Work instructions.
Excluding pictures, transcribe precisely the lines from the one containing "Serija 4, Indukciona" to the final line of the listing below, inclusive, and nothing more.

Given material.
Segment Open

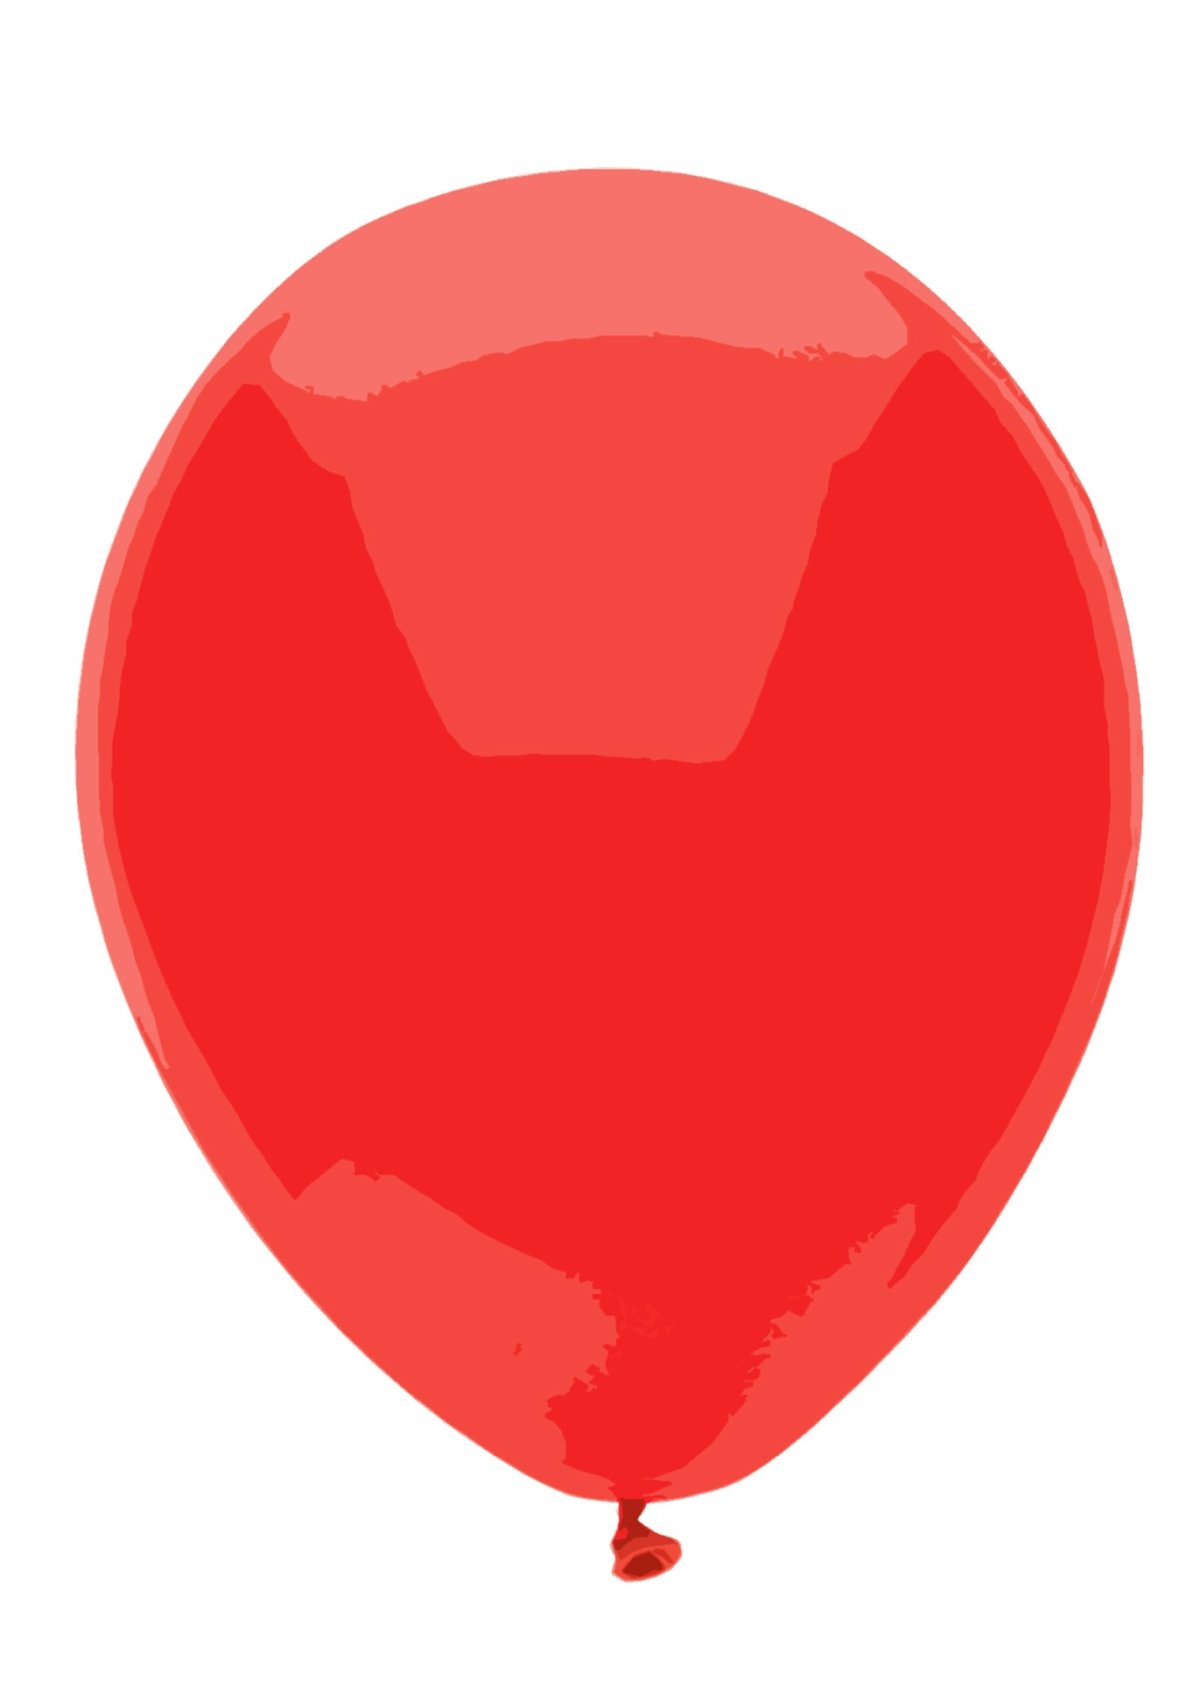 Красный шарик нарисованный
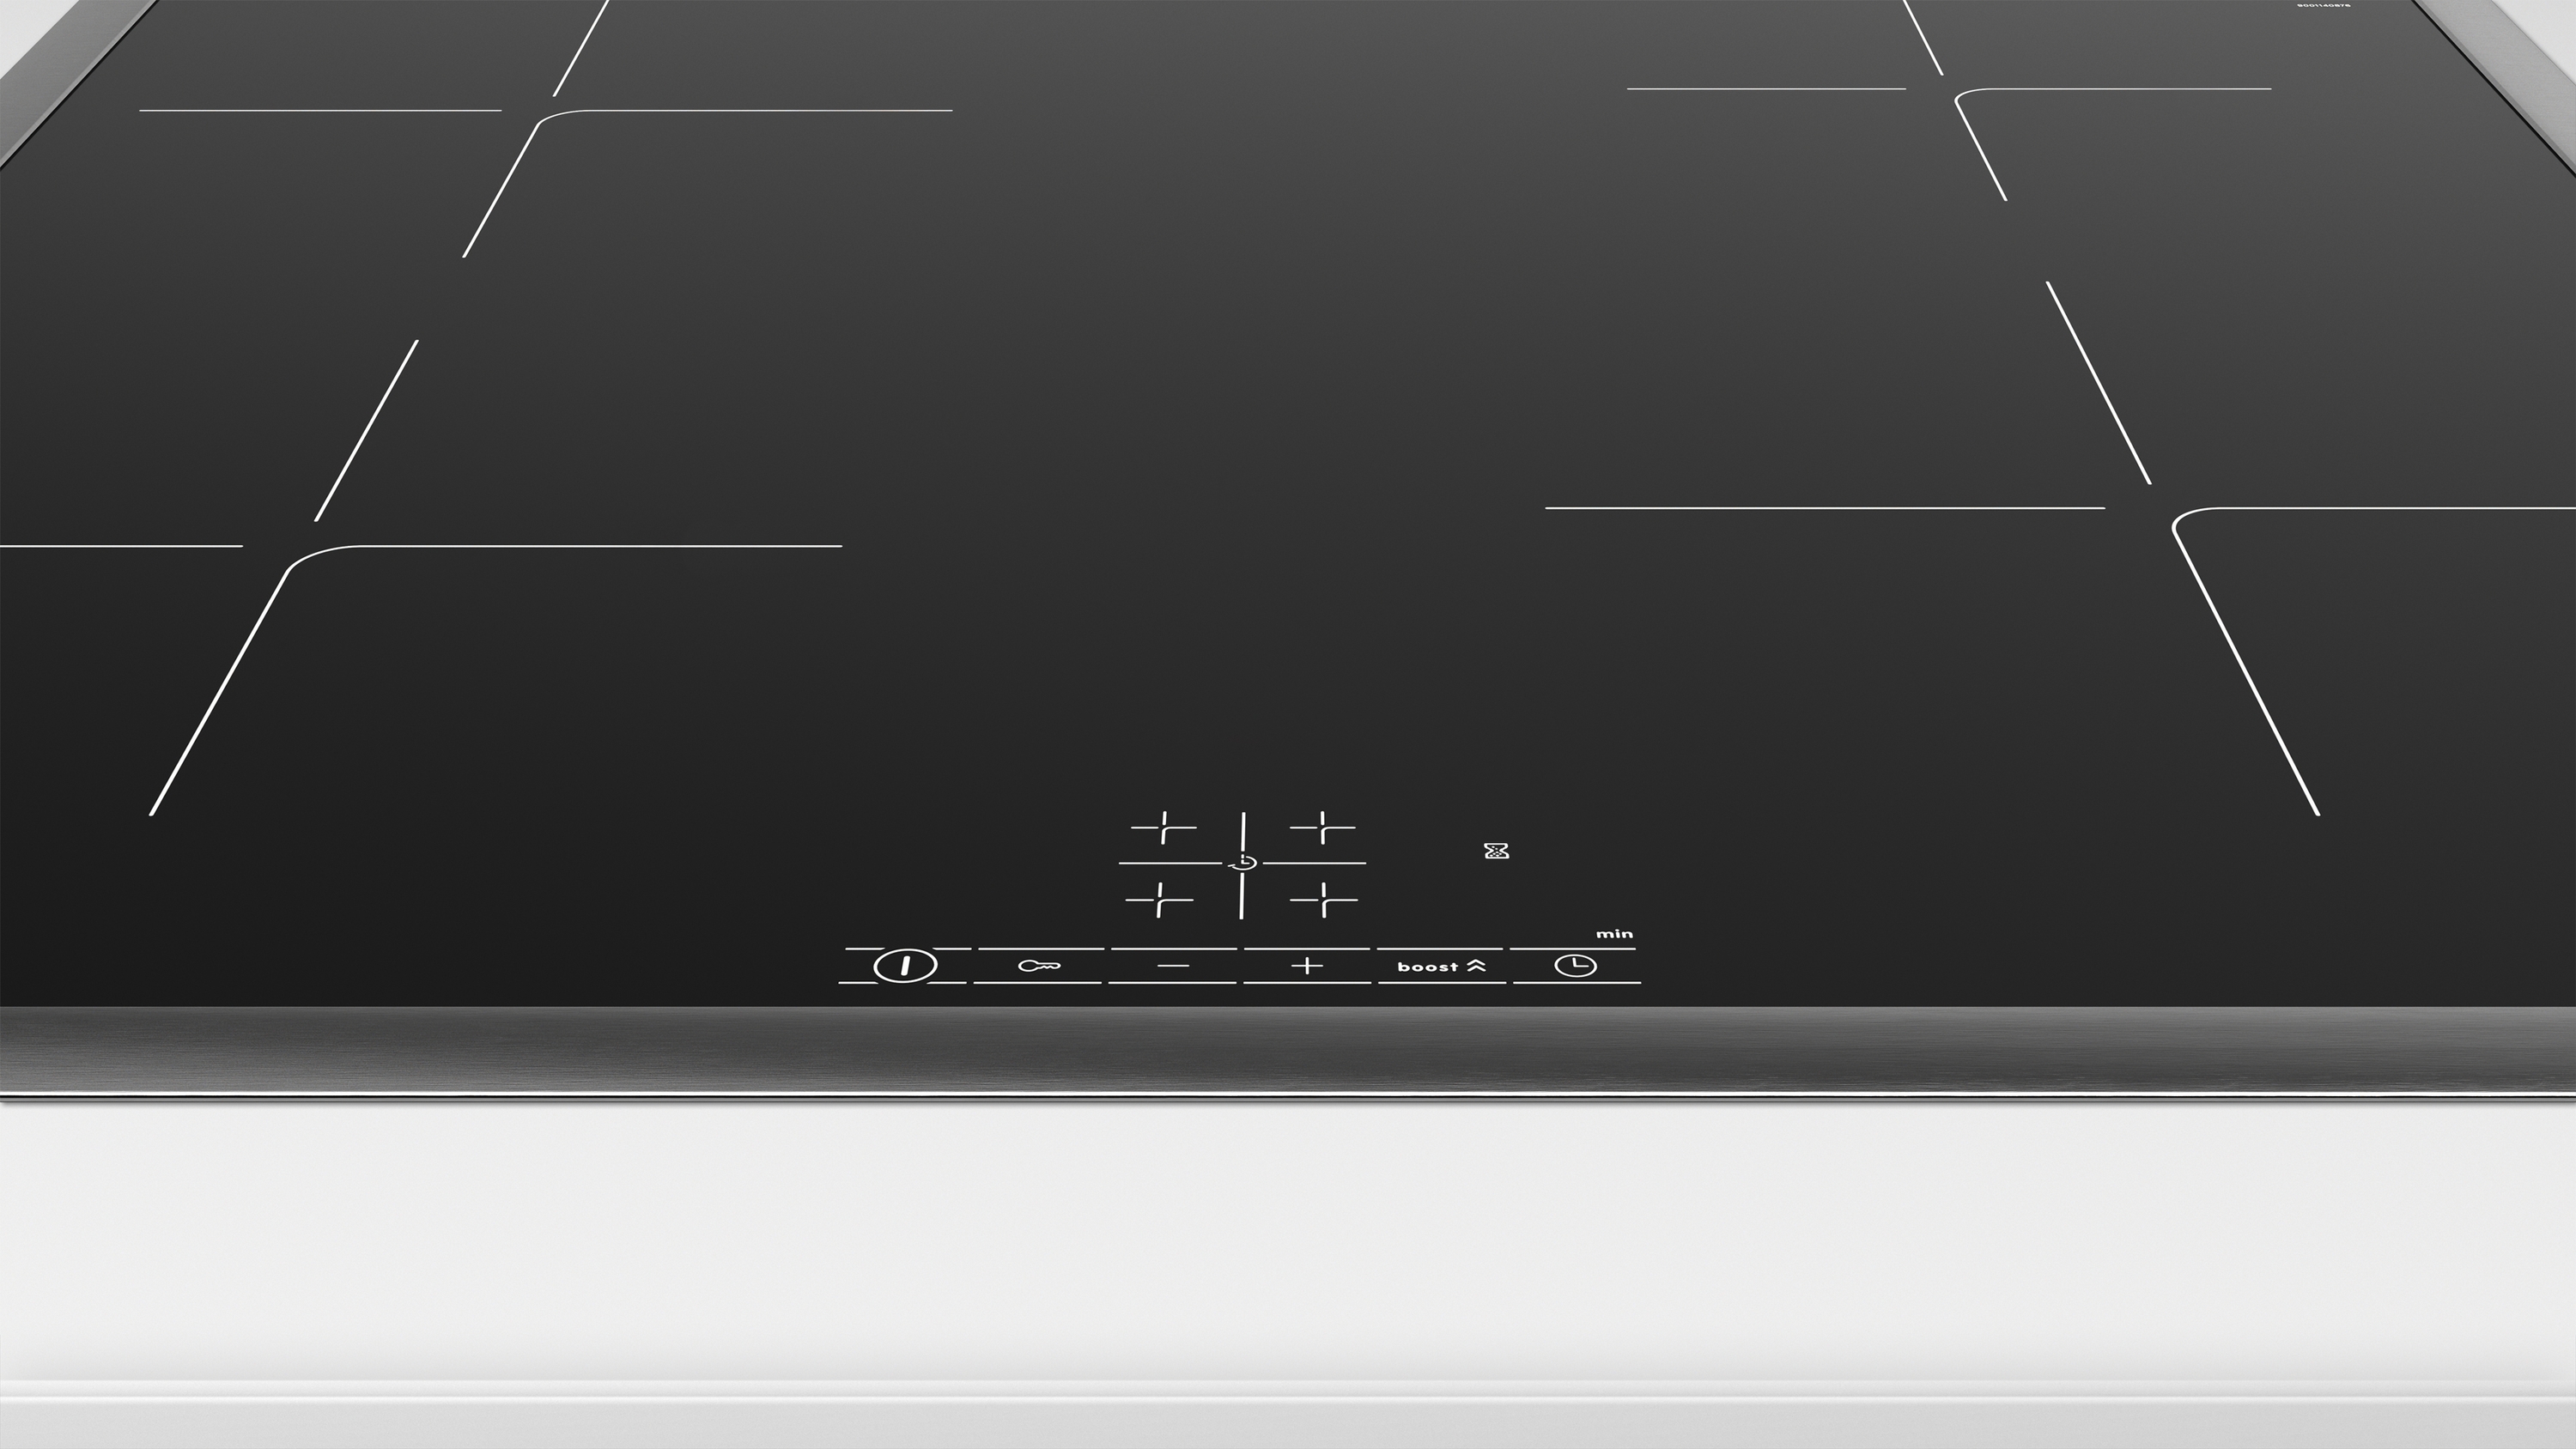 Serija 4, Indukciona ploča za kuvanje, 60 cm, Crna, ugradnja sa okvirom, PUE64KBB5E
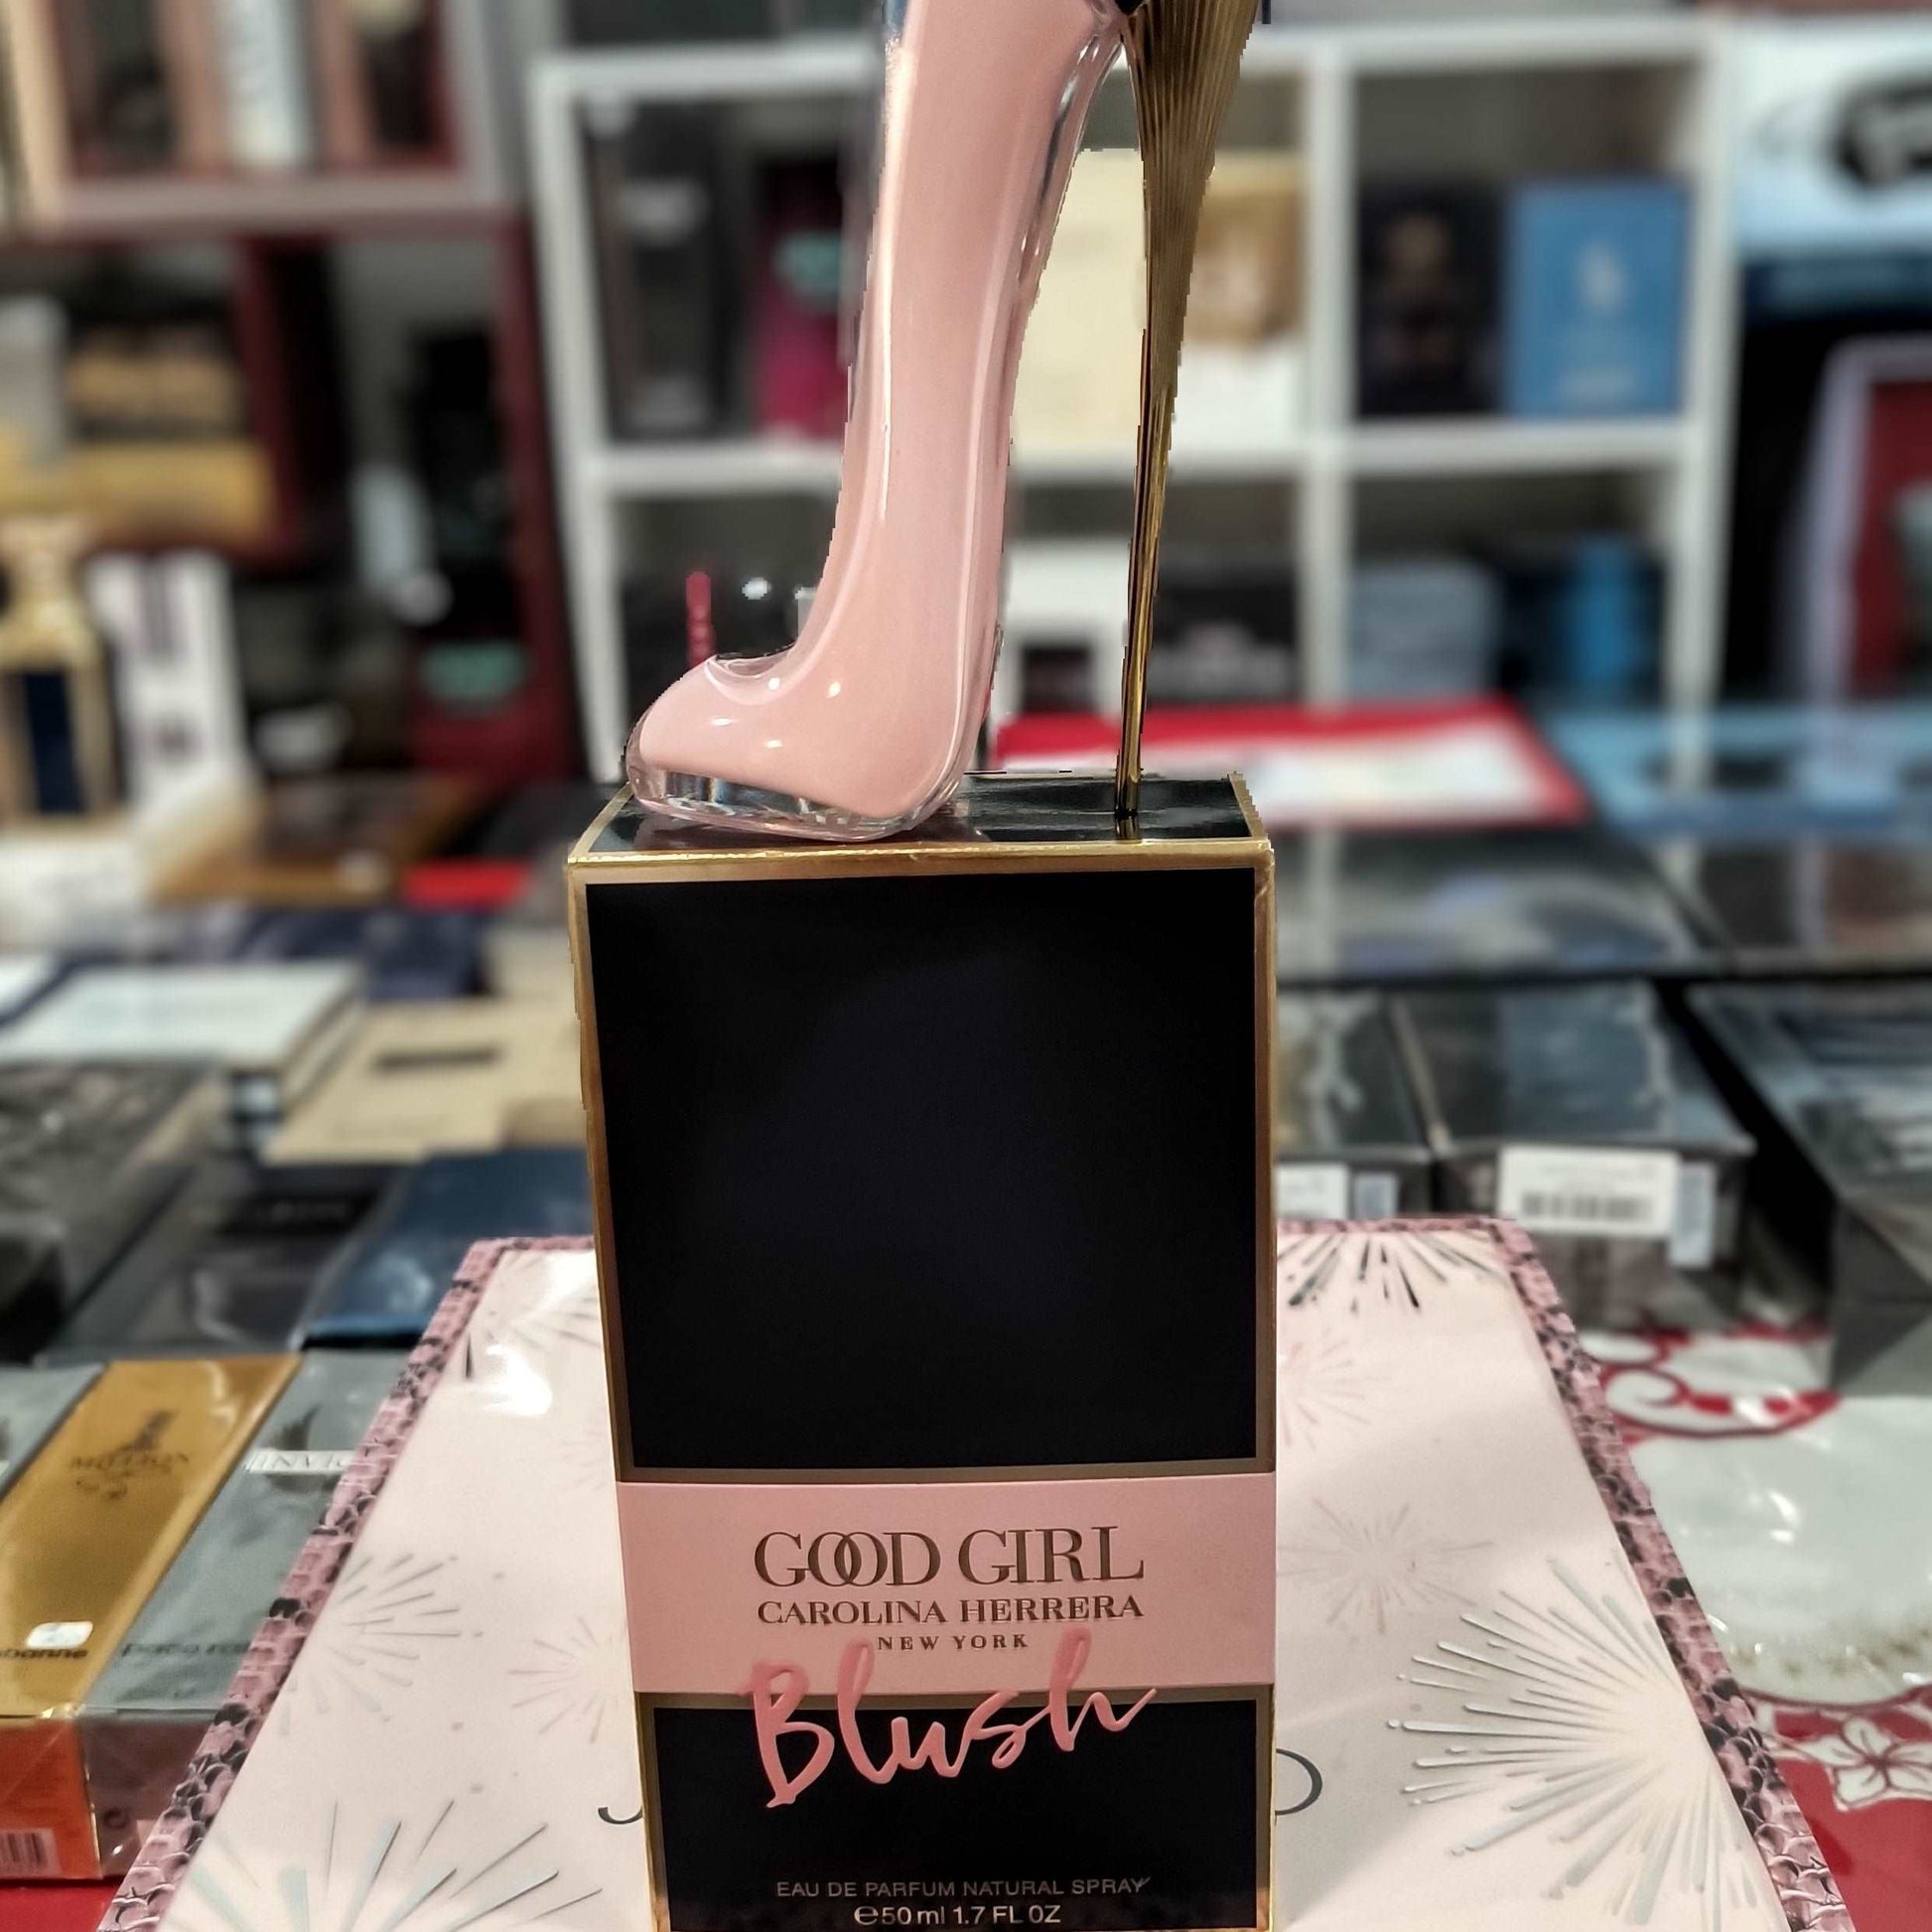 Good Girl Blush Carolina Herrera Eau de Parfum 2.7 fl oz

Segment Closed

Answer to the problem.
 Serija 4, Indukciona ploča za kuvanje, 60 cm, Crna, ugradnja sa okvirom, PUE64KBB5E
 Good Girl Blush Carolina Herrera Eau de Parfum 2.7 fl oz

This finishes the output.